Wade notes that there are three principal races: East Asians (Chinese, Japanese and Koreans), Africans (those living south of the Sahara), and Caucasians (Europeans and the people of the Near East and the Indian subcontinent). The first modern humans appeared 200,000 years ago, and it took them 185,000 years to settle down in different geographically isolated communities. The races that we see today were created in the last 15,000 years through a process of natural selection in the three primary racial groups. 

The most troublesome argument that Wade makes is that “genes and culture interact.” The orthodox academicians prefer to see genes and culture as entirely separate realms. Wade writes: “Each of the major civilizations has developed the institutions appropriate for its circumstances and survival. But these institutions, though heavily imbued with cultural traditions, rest on a bedrock of genetically shaped human behavior.”

This means that economic systems, political institutions, and moral norms are not easy to transfer from one culture to another. “American institutions cannot be successfully implanted in Iraq, for instance, because Iraqis have different social behaviors, including a base in tribalism and a well-founded distrust of central government, just as it would be impossible to import Iraqi tribal politics into the United States.”

We are free to ignore the revelations that genetic science is making but that will not make the differences between the populations vanish. The troublesome truth is that race is not a human invention. The differences between the populations are biological. Biology creates the races and the races create their culture—having said this, I will argue that the differences are not insurmountable. Within populations, some people do well. If some can do well in certain kinds of activities, then why can’t the rest?
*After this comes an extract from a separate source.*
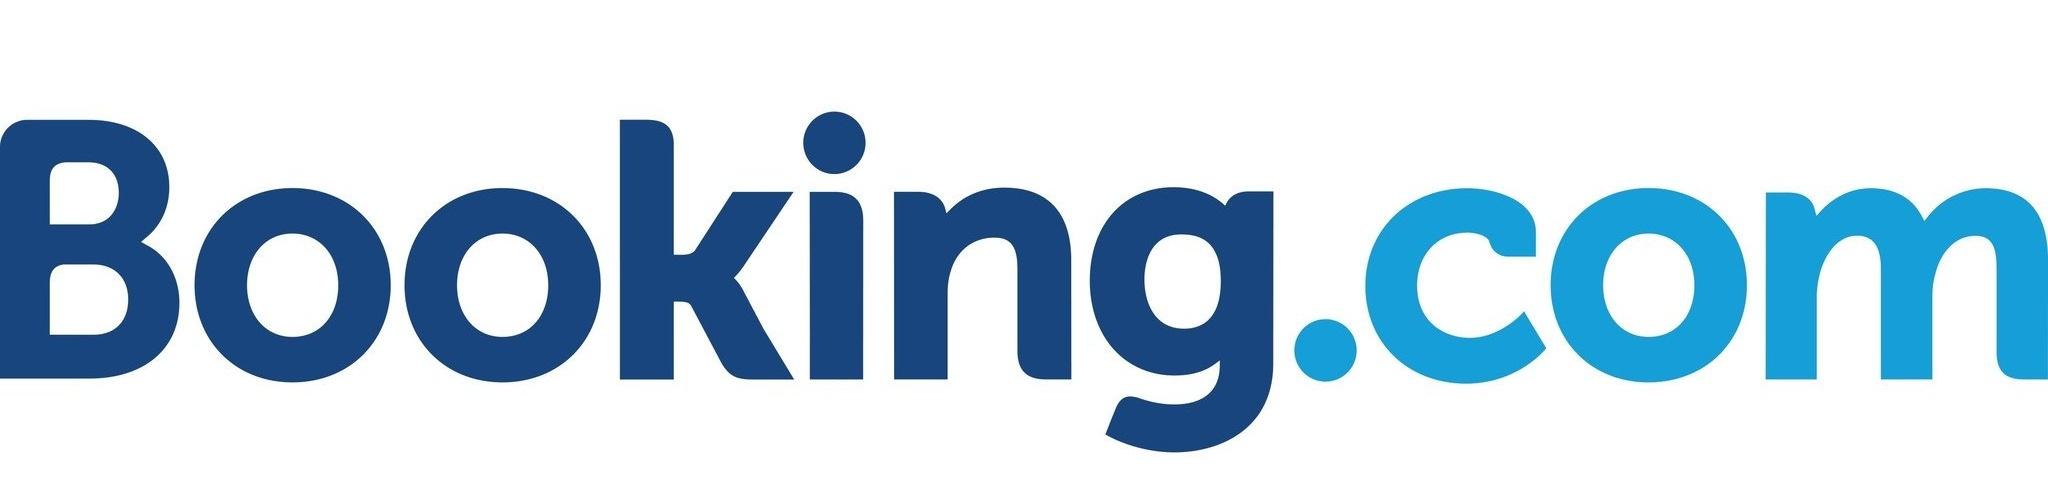 booking.com-552487-edited
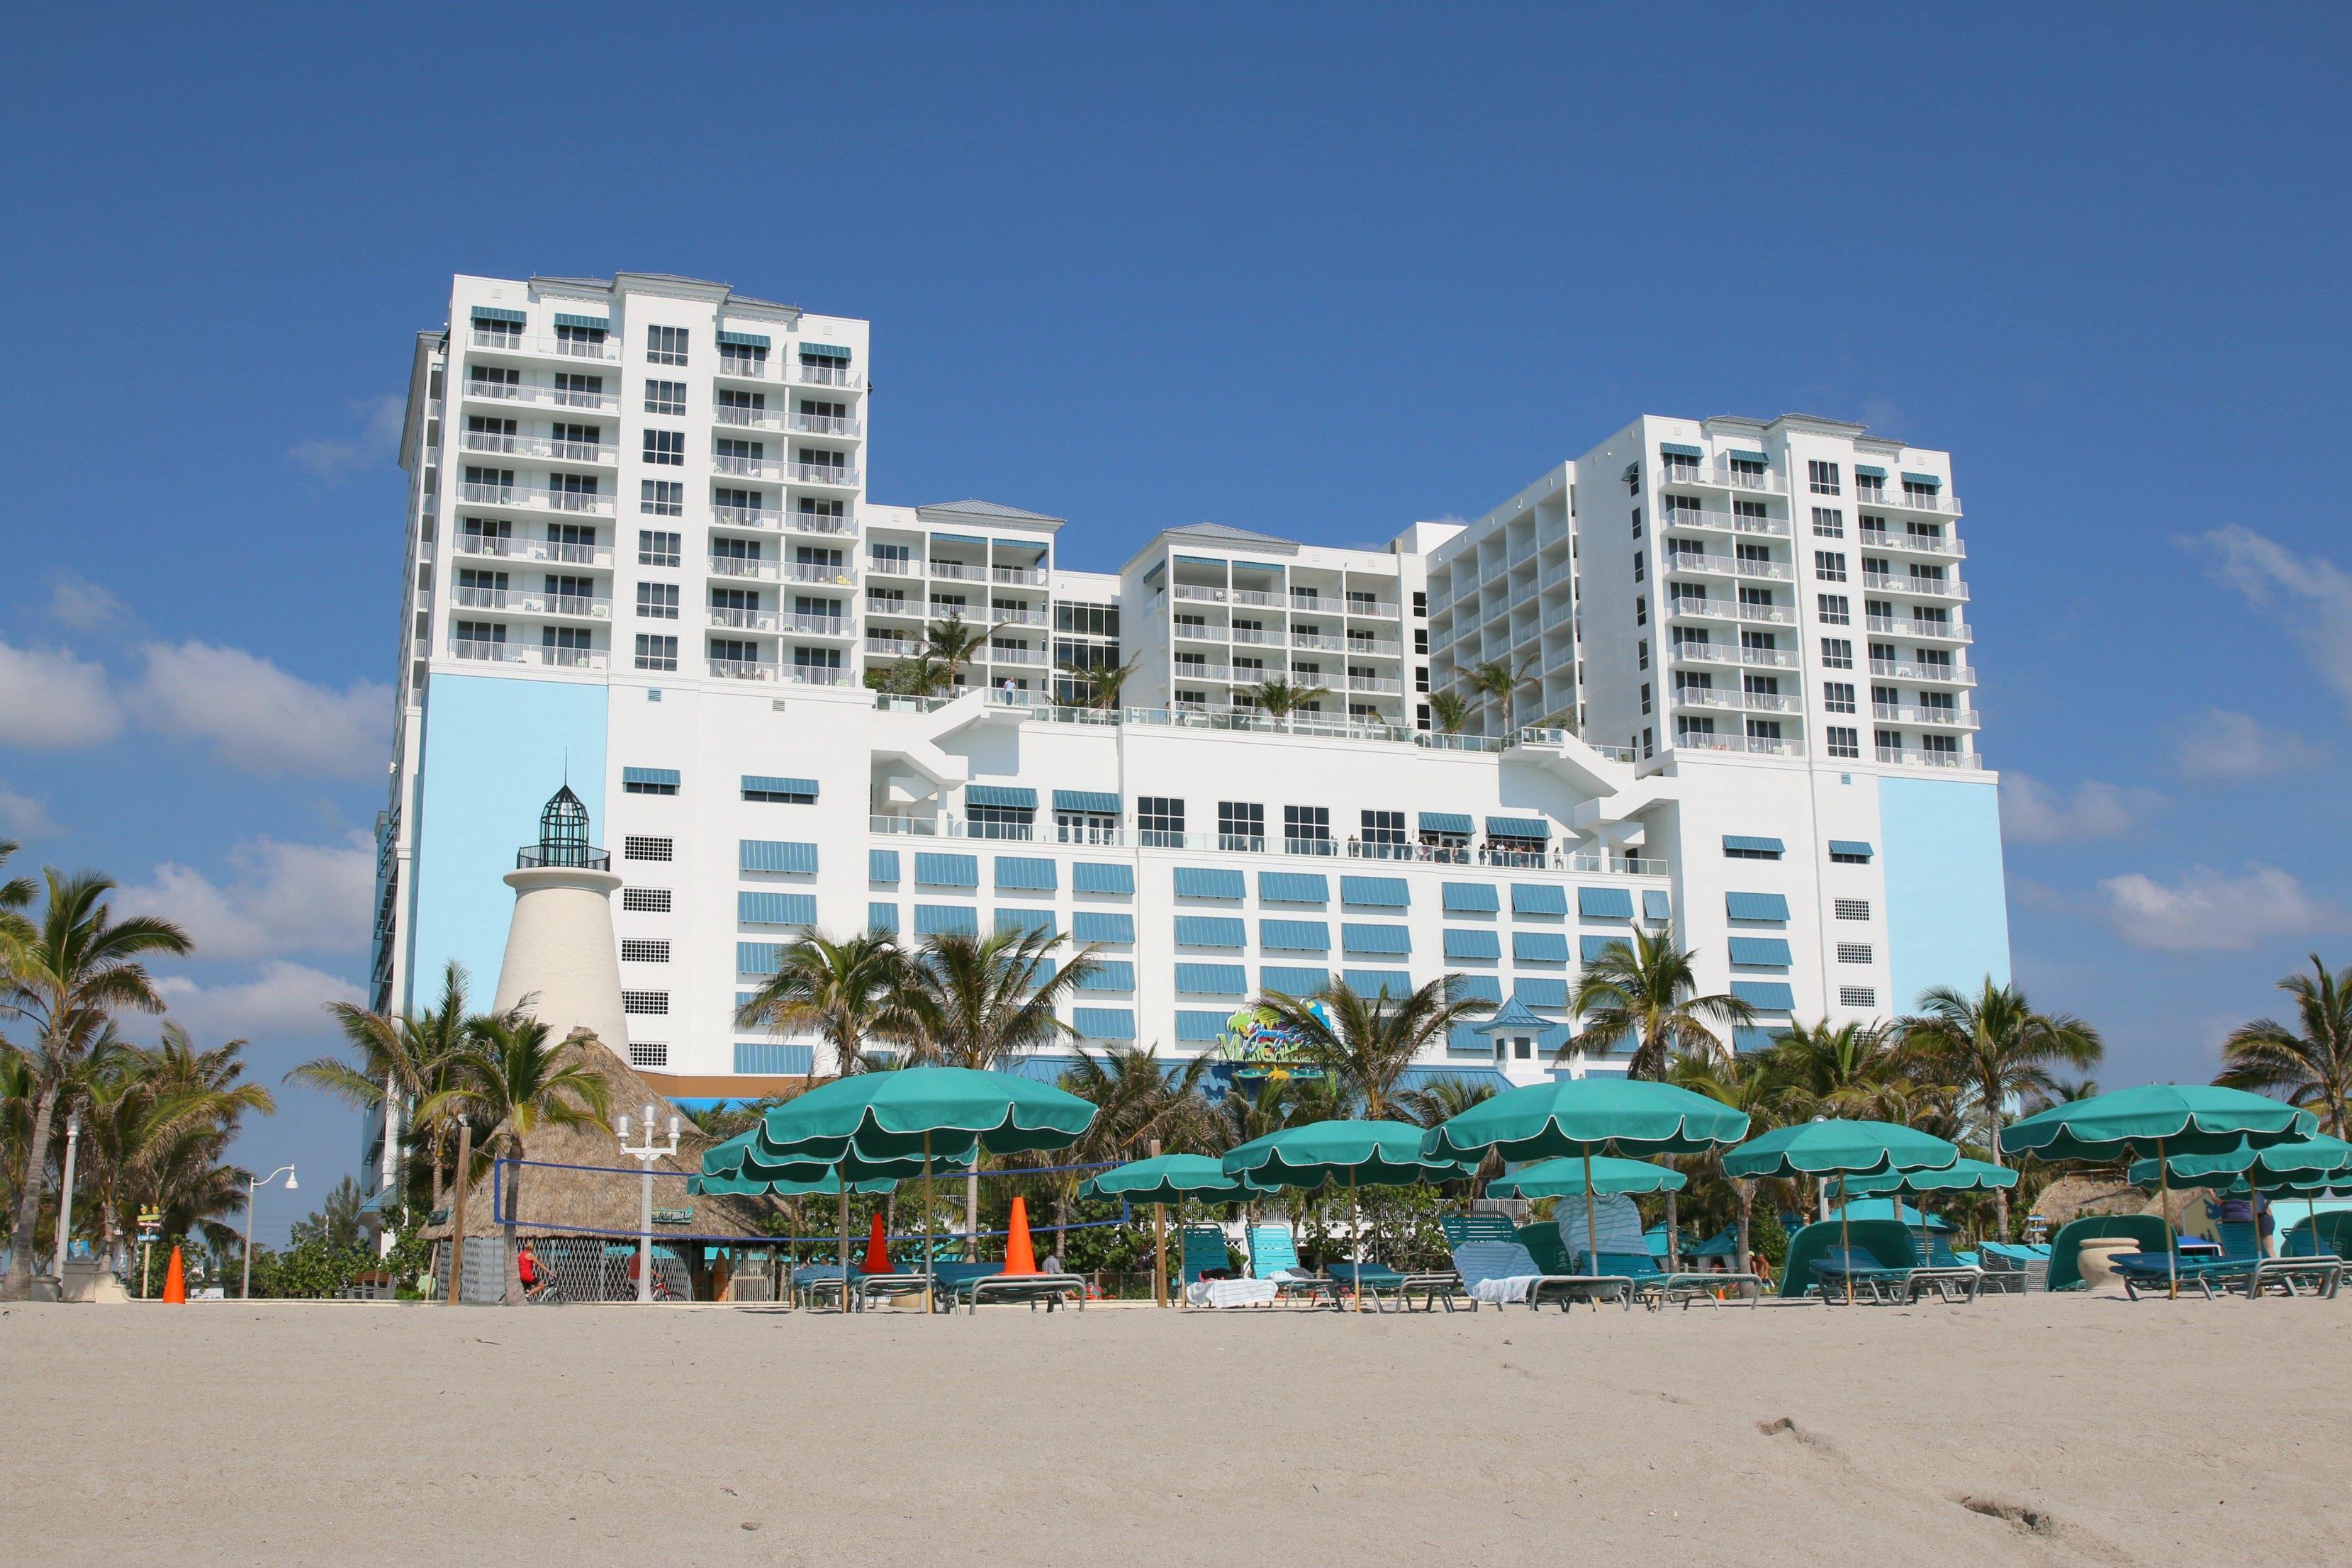 Margaritaville outdoor decor exclusive home design for Design hotel hollywood florida

There are sections in Wade’s book which are speculative. In his discussion of human behavior, he talks about an “inbuilt sense of morality,” which is not convincing. It is understandable that he has included the speculative sections. Concrete information is not available. The human genome was decoded just eighteen years ago—in 2003. In the next twenty years more information will become available. Overall, Wade has given a fine explanation of the role that genes play in creating the races and driving history.